Teilnahmerate an der Vorsorge-Darmspiegelung soll bis 2030 verdoppelt werden.
München, 14.7.2022 - Eine zunehmend ältere Gesellschaft bedeutet auch eine Zunahme an Krebs. Wissenschaftler des Deutschen Krebsforschungszentrums (DKFZ) errechneten, wie sich zukünftig die Zahl der Neuerkrankungen bei Darmkrebs entwickelt. Ihr Online-Tool zeigt Prognosen bis ins Jahr 2060 mit über 75.000 neuen Diagnosen. Eine höhere Teilnahmerate am Darmkrebs-Screening kann aber zu erwartende Fälle verhindern.
Über 8,5 Mio. Versicherte in Deutschland haben bereits eine Vorsorge-Darmspiegelung in Anspruch genommen. Seit Einführung dieser gesetzlichen Präventionsleistung im Jahr 2002 sinkt die Neuerkrankungsrate an Darmkrebs in Deutschland kontinuierlich. 320.000 Neuerkrankungen konnten bereits verhindert werden. Diese Rückgänge auch bei der Sterblichkeit sind vor allem in der Altersgruppe zu beobachten, für die die Darmspiegelung angeboten wird - für Männer ab 50 und Frauen ab 55 Jahren.
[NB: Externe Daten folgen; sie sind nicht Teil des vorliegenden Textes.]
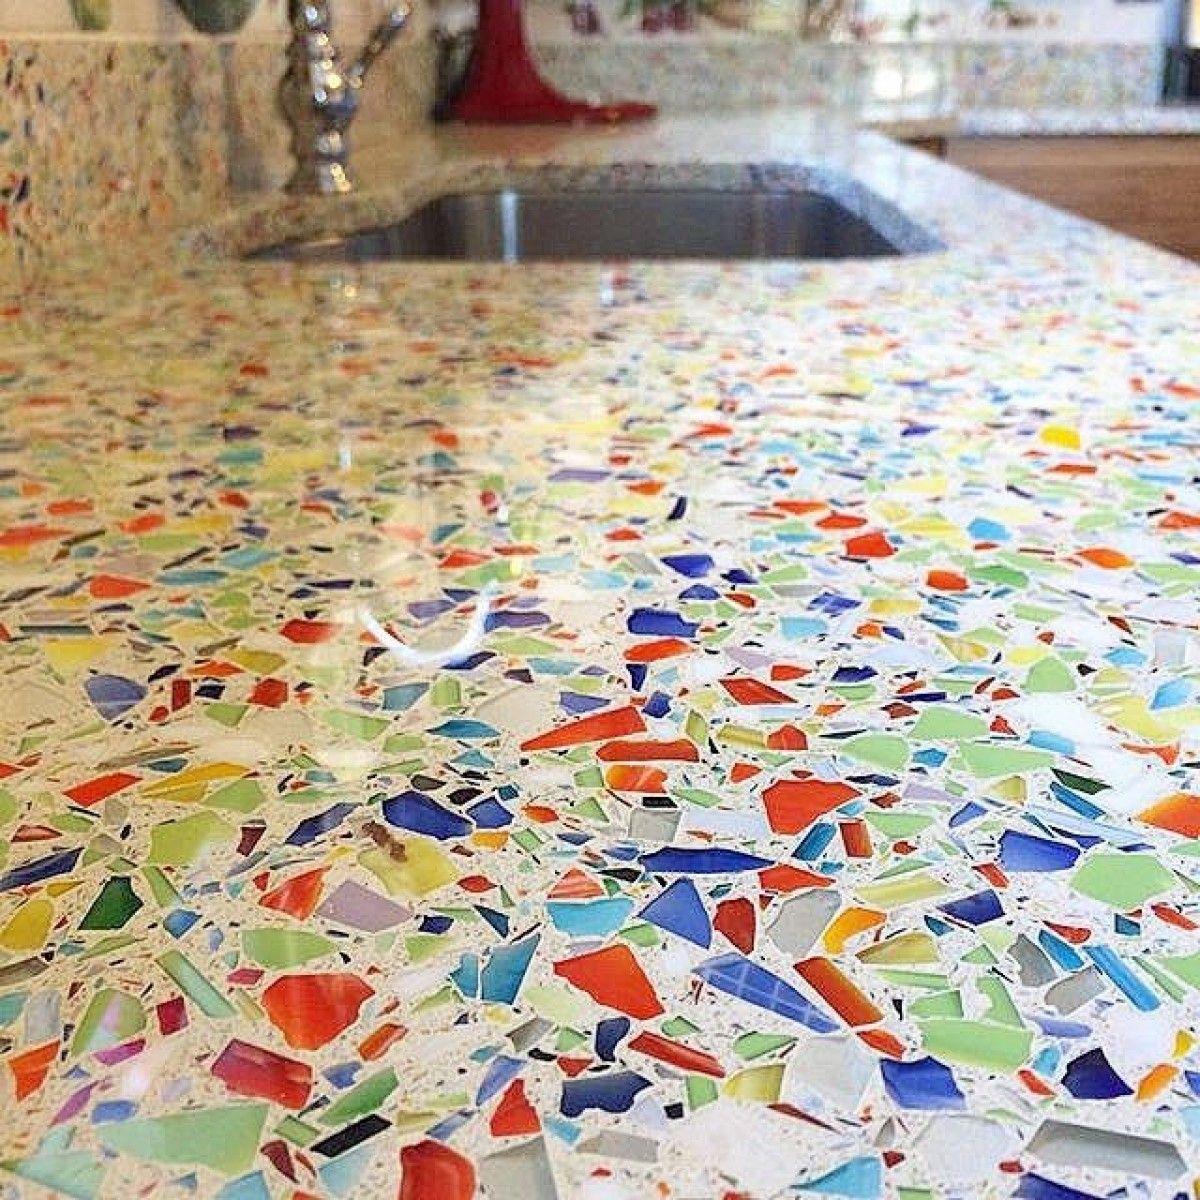 Vetrazzo Millefiori Glass Countertops Recycled Glass Countertops Recycled Glass

Sind wir also auf dem richtigen Weg, zu einem Deutschland ohne Darmkrebs?
Der Schein trügt.
Der demographische Wandel in Deutschland steht der Fortsetzung dieses positiven Trends im Wege: Denn rund 90 Prozent der Darmkrebs-Neuerkrankung werden ab dem Alter von 50 Jahren diagnostiziert. Zwischen dem 50. und dem 60. Lebensjahr verdoppelt sich die Neuerkrankungsrate sogar, und steigt mit jedem Lebensjahrzehnt weiter an. Die Gruppe derer, die 67 Jahre oder älter sind, wird wohl von 16 Millionen in 2019 auf über 21 Millionen im Jahr 2060 steigen.
Hinzu kommt die Zurückhaltung der Versicherten bei der Inanspruchnahme von präventiven Leistungen gegen Darmkrebs: 2018 ließen sich jährlich nur 1,7 % der anspruchsberechtigten Frauen und 1,9 % der anspruchsberechtigten Männer in präventiver Absicht koloskopieren. Bezogen auf einen 10-Jahres-Zeitraum, der auch den Berechnungen des DKFZ zu Grunde liegt - nehmen demnach zurzeit weniger als 20% der berechtigen Frauen und Männer eine Vorsorgedarmspiegelung in Anspruch.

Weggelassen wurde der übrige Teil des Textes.